1. "ehu ehu, olecegim zaten, ne diye ugrasacagim? egleneyim bari hazir hayattayken." deyip, okul olsun kariyer olsun, cevresi ile iliskileri olsun, bu alanlara hicbir yatirim yapmayip murphy'nin kurallari sayesinde 120 sene yasayacak olan biri olmaktir. kendini gelistirmeyen, etrafindakileri uzup bencilce davranan bu gereksiz yasam formu hepimizin torunlarinin torunlarini gorur, mazallah. e tabii "all work and no play makes jack a dull boy"...
2. "yarin bile olebilirim, hala sansim varken bunu degerlendirmeliyim" diyenler de vardir. hirsli olurlar, her iste elleri vardir, genis bir cevreleri olabilir. Bu kisiler icin en tehlikeli sene, 27. yaslaridir.
(bkz: jimi hendrix) (bkz: jim morrison) (bkz: janis joplin) (bkz: kurt cobain)
bu seneyi atlattiklarini varsayarsak, ne kadar yasayacaklari konusunda bir istatistik atamayacagim.

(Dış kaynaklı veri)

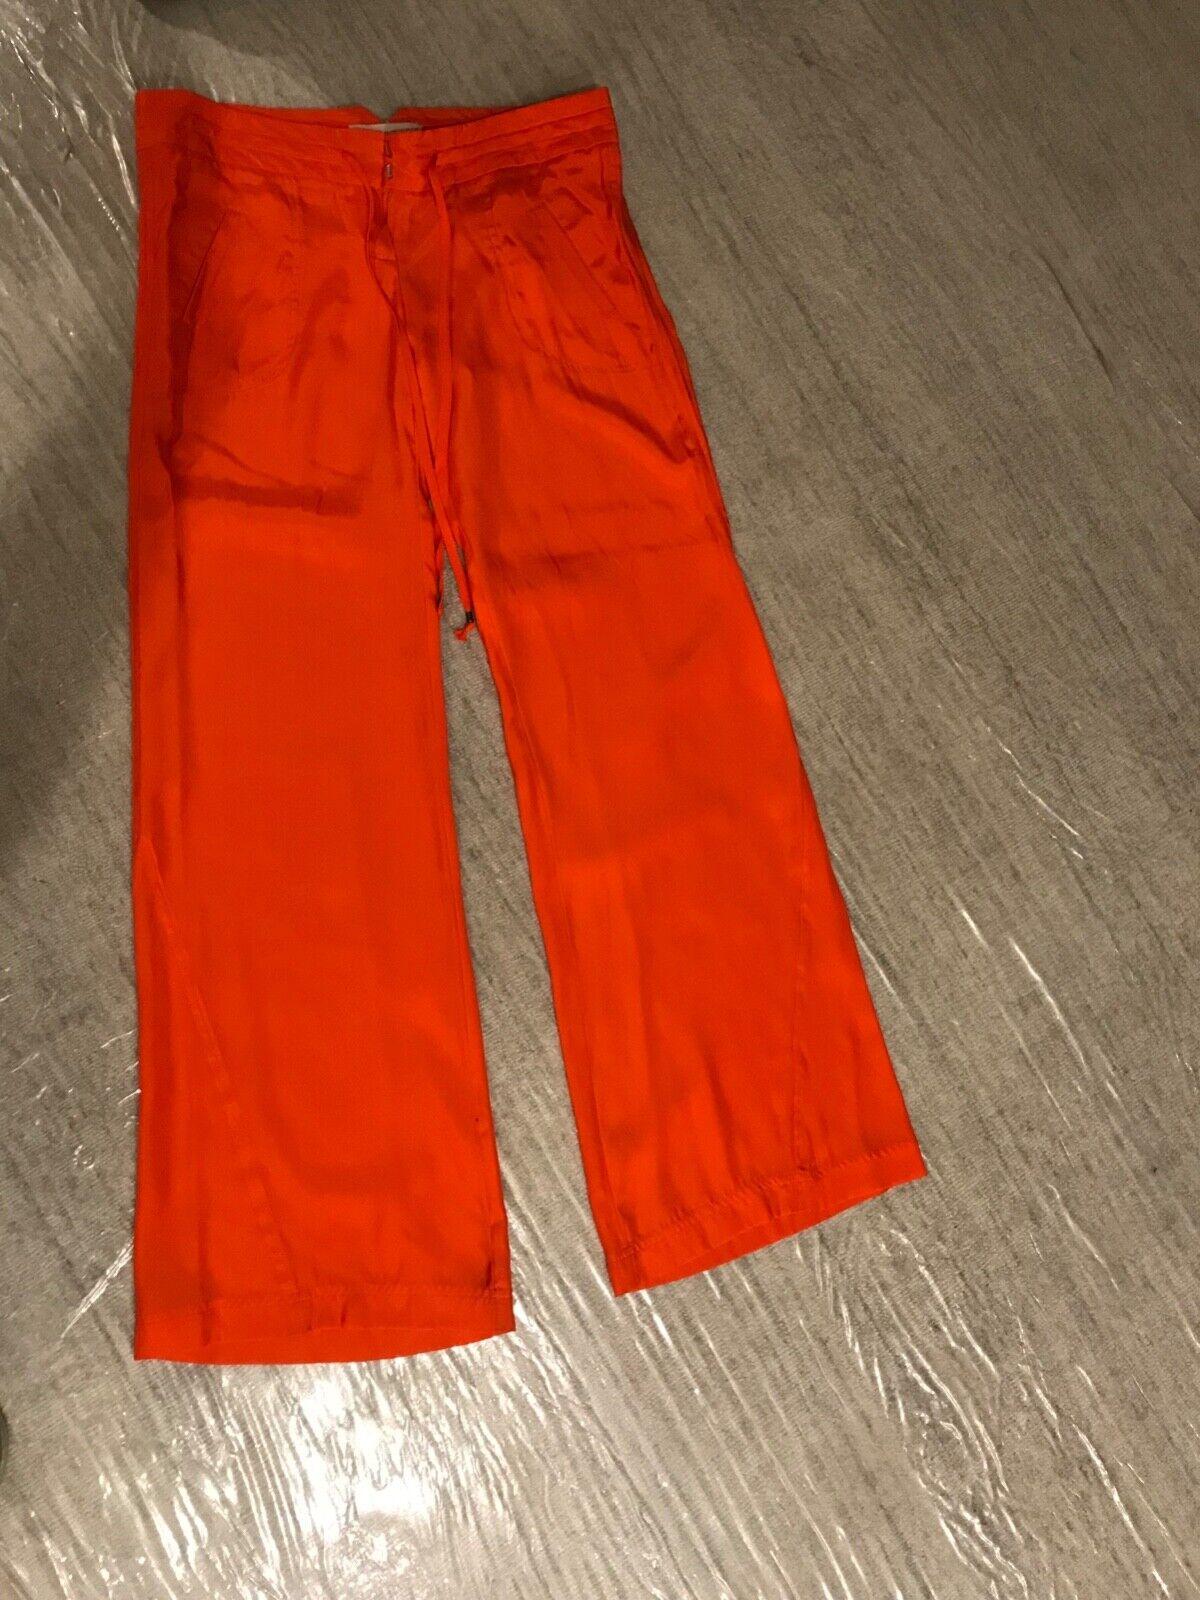 Georgie damen pants Größe 2

3. "ne zaman ne olacagi belirsiz, hayati doyasiya yasayayim bari" diyenler ise 1. ve 2. maddedeki dusunceleri harmanlayip uygularlar. "work hard, play hard" felsefesine iliskin hayatin gercekleri ile ugrasirken mutluluklarina da onem verirler. joie de vivre, yani yasam sevincinin hakkini verirler. hepimizin farkinda oldugu uzere, her seyi dengeleyebilmek buyuk bir basaridir ve tembellik akiminin onculerinden biri olarak bu kaizen sistemli ubermensch'leri biraz kiskandigimi itiraf etmeliyim.